ANEE is a lightweight framework for token-wise, layer-wise adaptive computation in transformer language models. Instead of running every layer for every token, ANEE learns how to allocate compute dynamically, reducing unnecessary computation while preserving output quality.
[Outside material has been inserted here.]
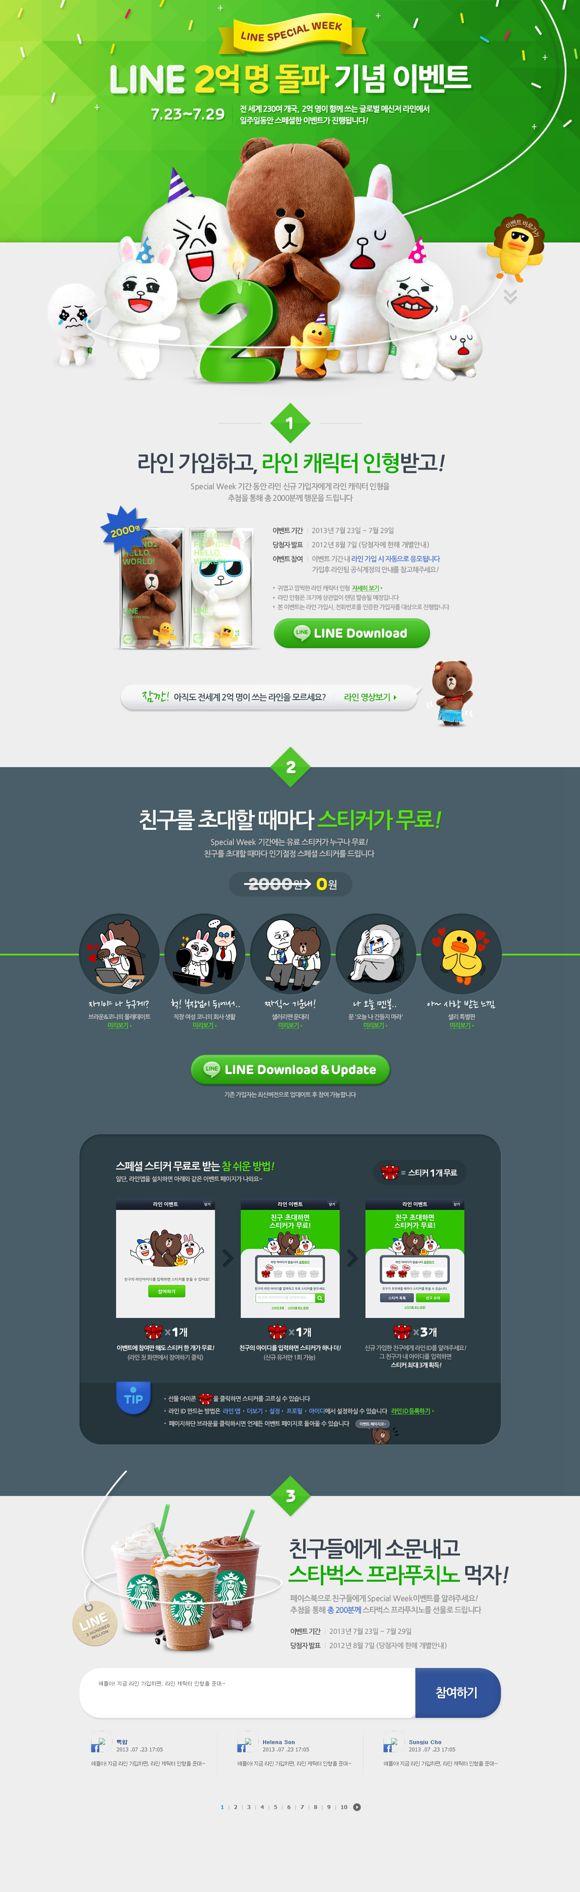 Unique Web Design, Line @omerkabil #WebDesign #Design (http://www.pinterest.com/aldenchong/)

ANEE wraps existing HuggingFace models (e.g., GPT-2) without modifying their weights.

🔧 Key Capabilities

• Dynamic Layer Skipping

ANEE evaluates each transformer block at inference time and decides whether to:

PROCESS — run full attention + MLP
SKIP — bypass computation for that layer
EXIT — terminate further processing (supported)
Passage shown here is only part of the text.